INSURASALES

Analysis of Executive Perquisites Trends in S&P 100 Companies through 2024

 

Executive Perks Take Flight: How CEO Benefits Are Evolving in 2025

When it comes to executive compensation, perks are more than just luxury — they’re strategic tools tied to security, retention, and company reputation. FW Cook’s 2025 Executive Perquisites Report on S&P 100 companies sheds new light on how corporate America’s most powerful leaders are being supported beyond their paychecks.

Security and Private Jets Take Center Stage

The report shows a clear trend: companies are investing more heavily in their executives’ safety and convenience. Between 2021 and 2024, personal use of corporate aircraft by CEOs climbed from 70% to 76%, while security service provisions soared from 38% to 59%.

“Security is no longer a perk — it’s a necessity,”
— FW Cook 2025 Executive Perquisites Report

Security benefits now extend well beyond a bodyguard at the door. They often include home security systems, cybersecurity measures, private vehicles, and even personal aviation for safer travel.
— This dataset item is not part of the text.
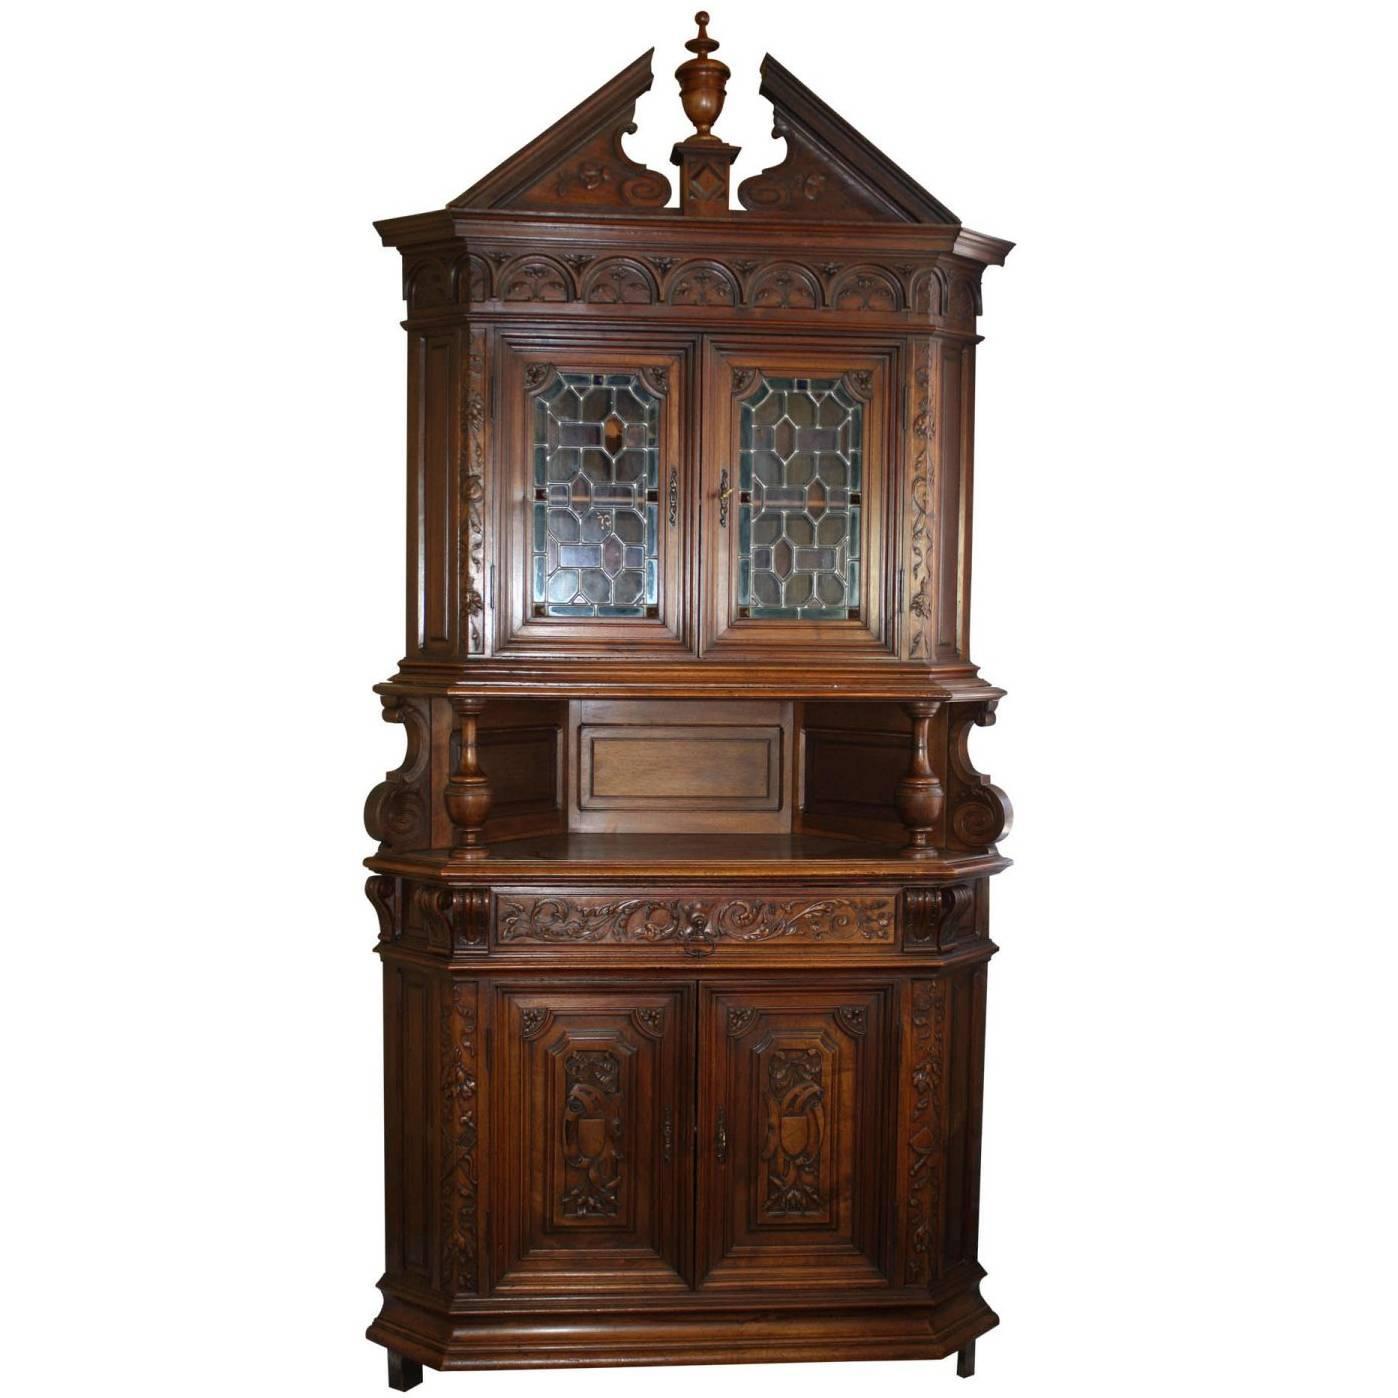 French Walnut Renaissance Revival Corner Cabinet, circa 1875

These programs are expected to grow through 2026 as companies respond to higher-profile security risks involving business leaders.

Median perk values reflect this shift:

  • Personal aircraft use: up from $129,000 to $210,000

  • Security services: up from $75,000 to $111,000

Most S&P 100 CEOs are required to use corporate aircraft for both business and personal travel due to company-wide security mandates.
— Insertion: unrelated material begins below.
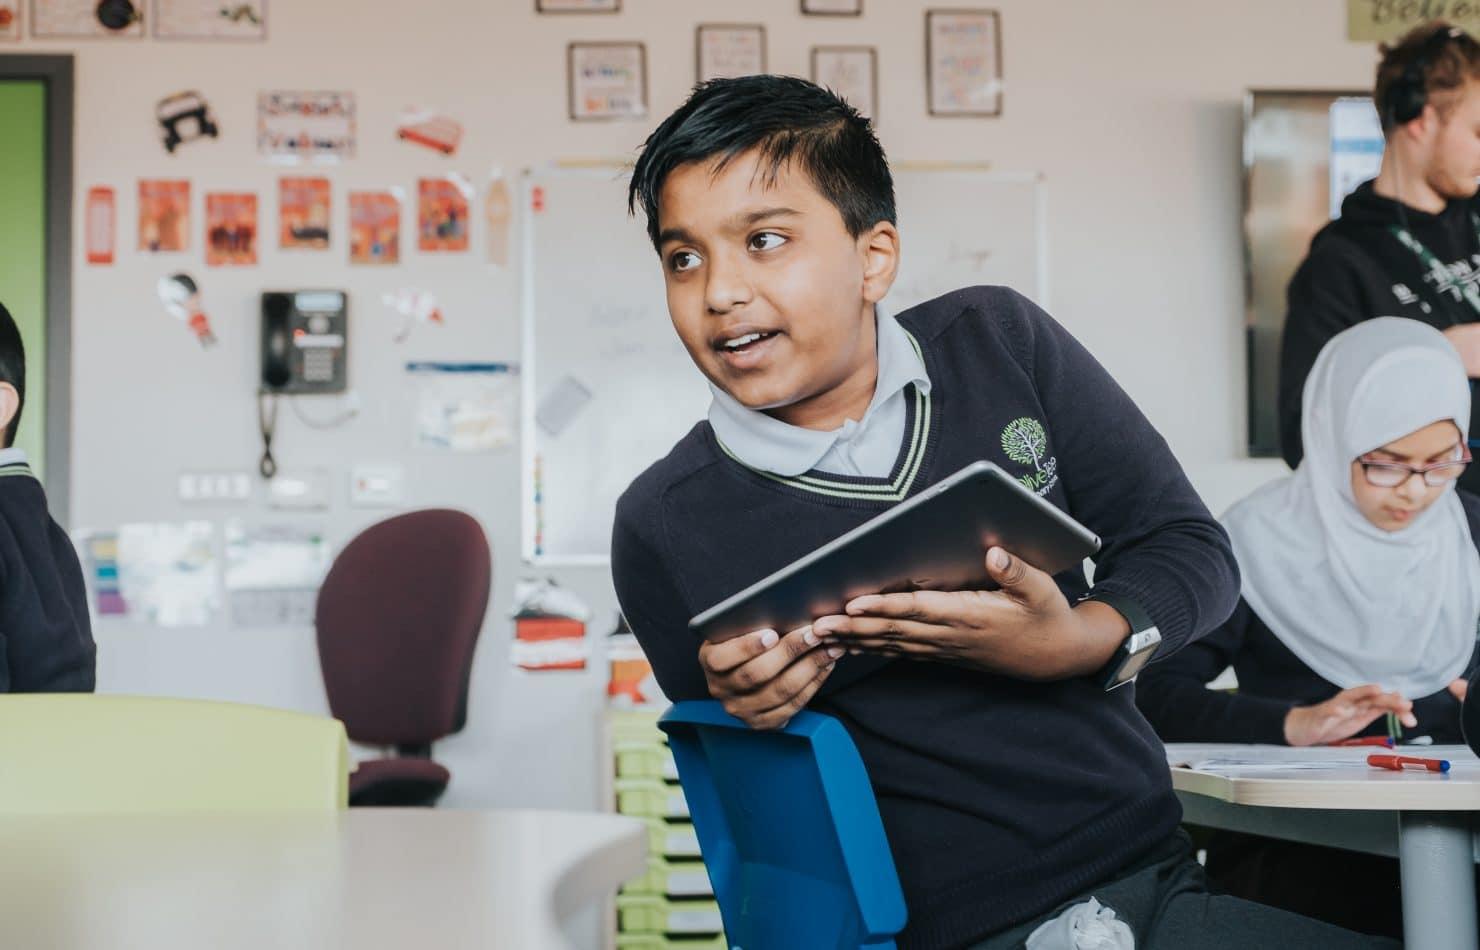 Child enjoying EdTech

Stable, Modest Perks Hold Steady

While air travel and protection costs soar, other perks remain stable. Company cars, tax and financial planning, executive physicals, life insurance, and charitable matching continue to appear regularly, with values usually below $25,000 annually.

“These steady perks may seem small, but they play a big role in executive well-being and financial clarity,”
— Corporate Compensation Consultant

A quick snapshot of prevalence across perks:

  • Financial & tax planning: Offered to 40% of CEOs and NEOs; median value $15,000

  • Company cars: Provided to 40% of CEOs; median value $22,000

  • Executive physicals: 28% participation; steady at $7,000 median

  • Security for non-CEOs: Rising trend; residential coverage between $15,000 and $35,000

Club memberships and long-term disability perks, once status symbols, are now seen in fewer than 5% of companies.
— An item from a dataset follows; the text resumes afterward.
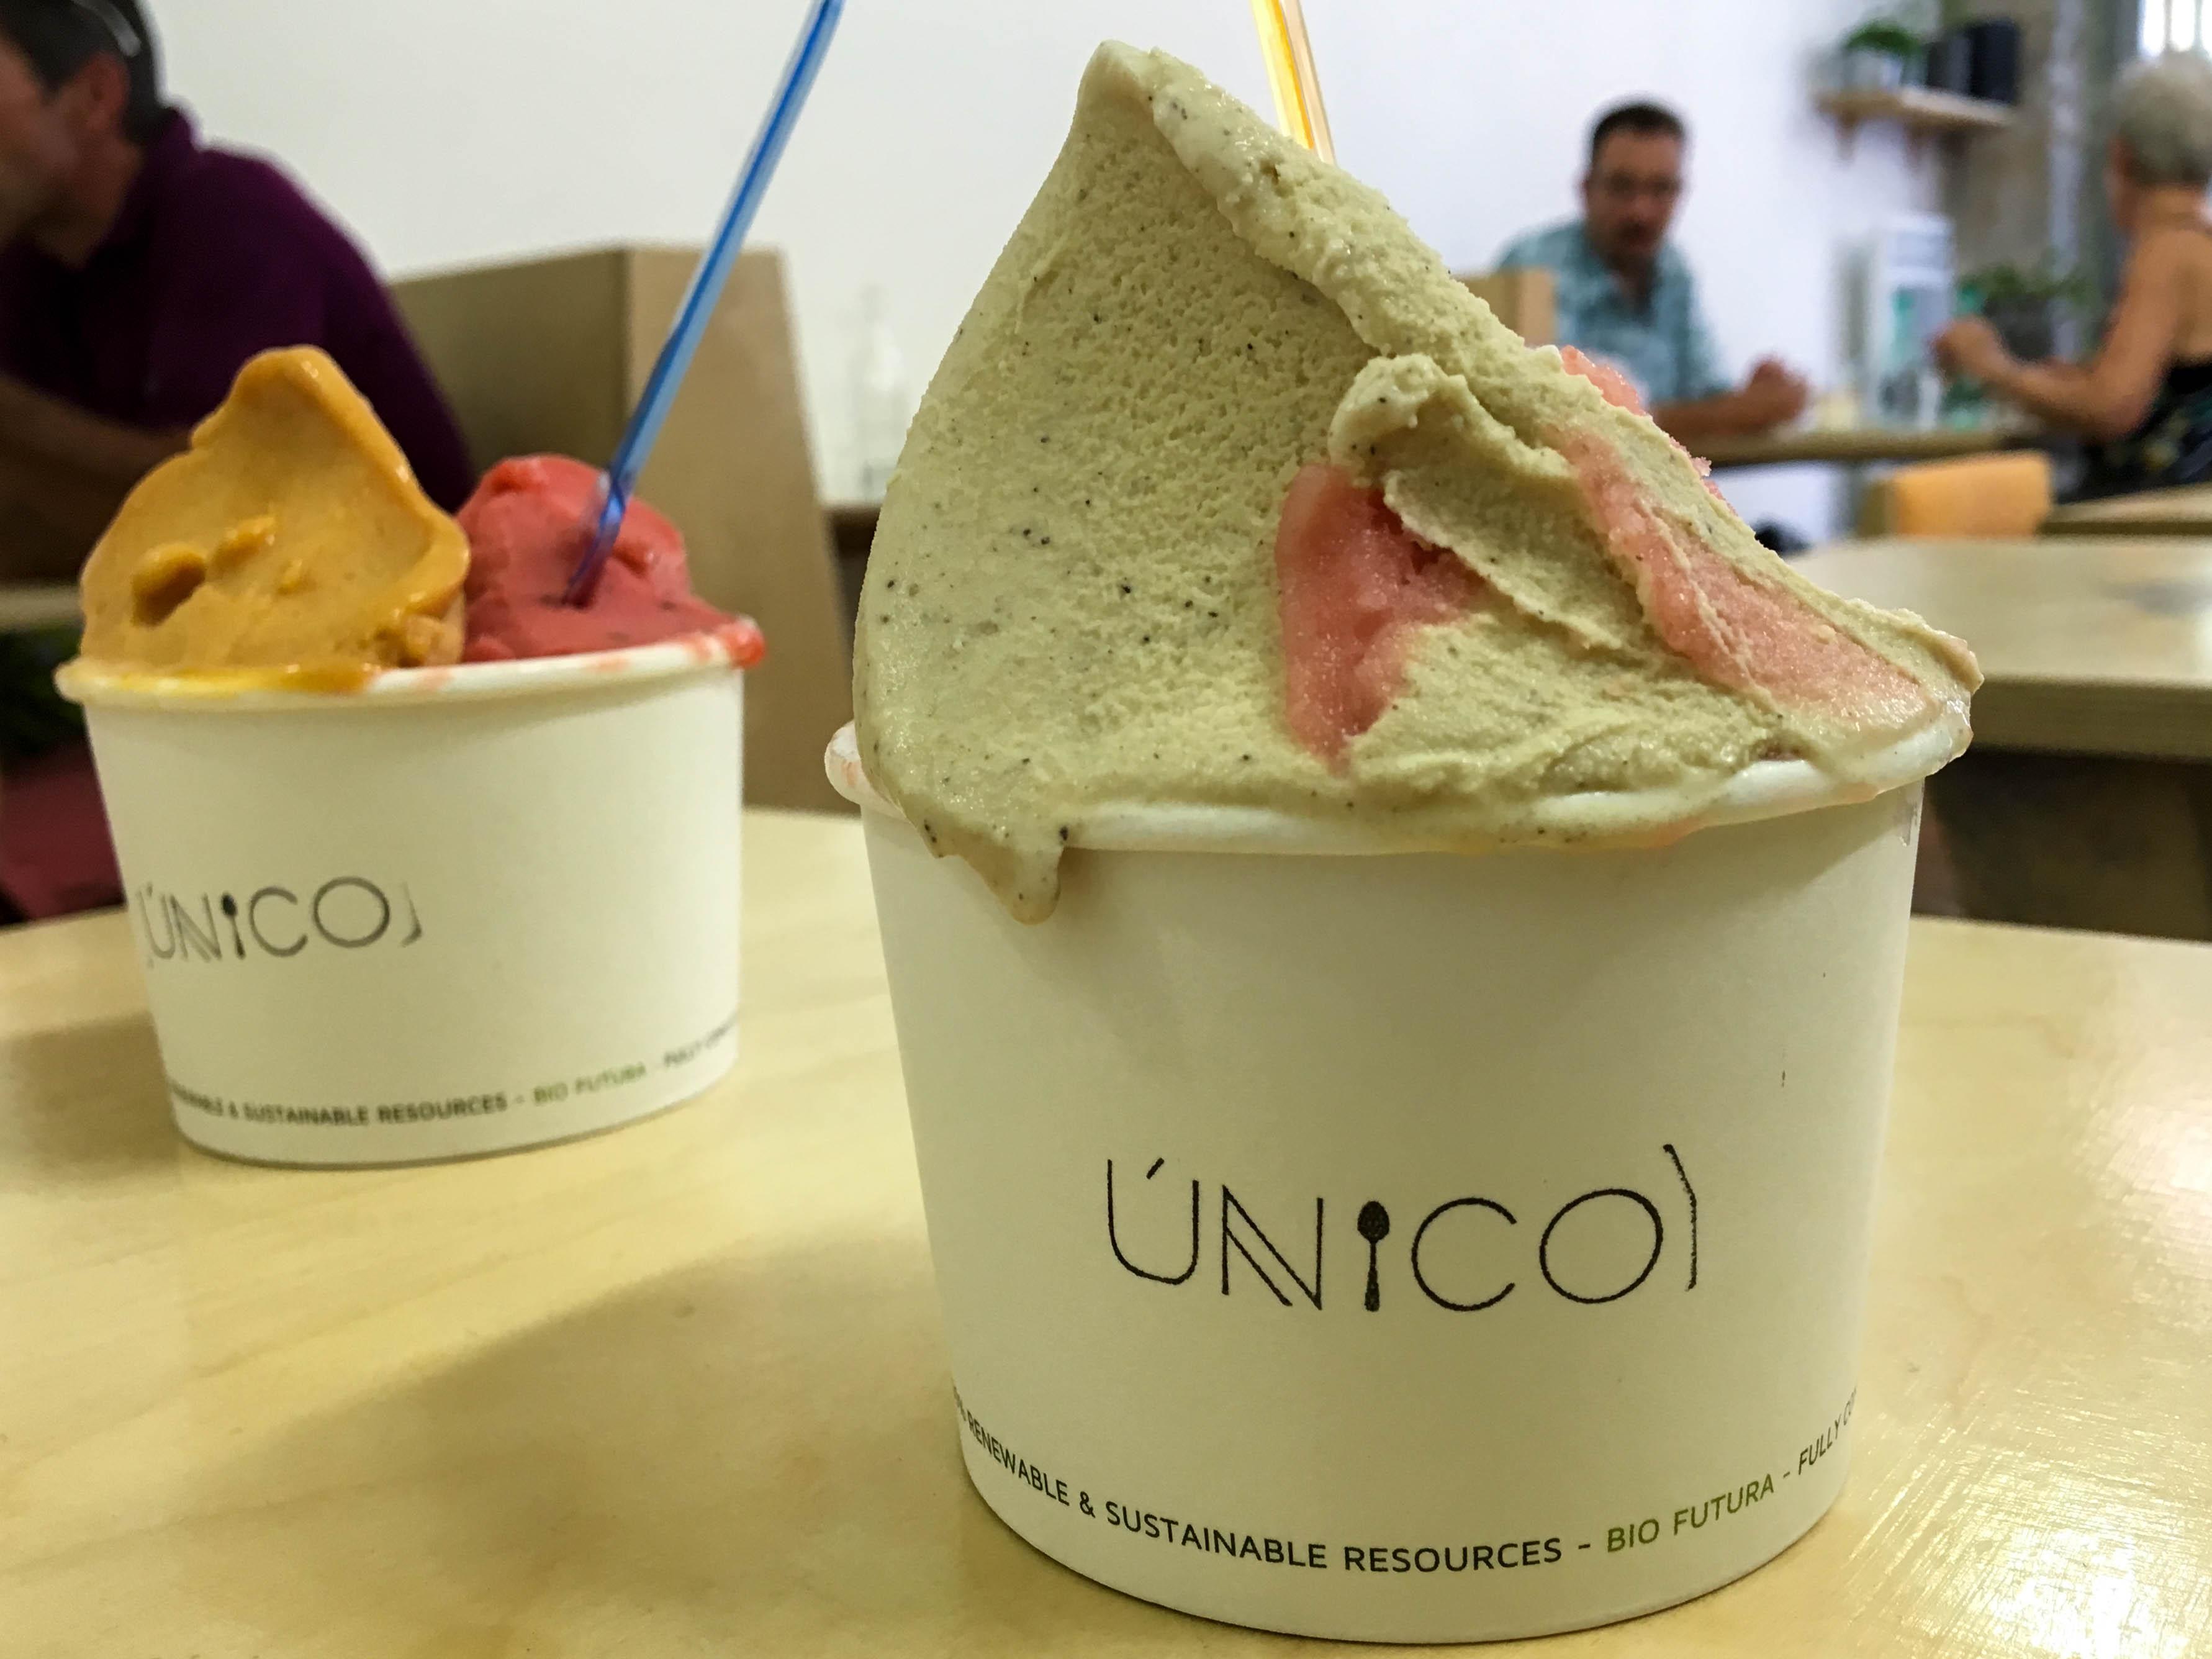 Unico - Glaces

The New Normal of “Security-as-Strategy”

Beyond individual benefits, this trend reflects a deeper shift in how companies perceive executive risk. The lines between personal and corporate safety have blurred.

Companies are tightening travel rules, requiring the use of private jets, and extending cybersecurity protections to top leaders’ homes. Roughly 20% of companies impose spending limits — often around $250,000 — for personal jet use, and about 30% extend limited aviation perks to other executives with board or CEO approval.

In a climate where visibility comes with vulnerability, executive perks have evolved into a comprehensive safety strategy. As compensation committees look ahead, these benefits are poised to remain central to executive retention and risk management — not as indulgences, but as investments in leadership continuity.

“In today’s environment, protecting leadership means protecting the company itself.”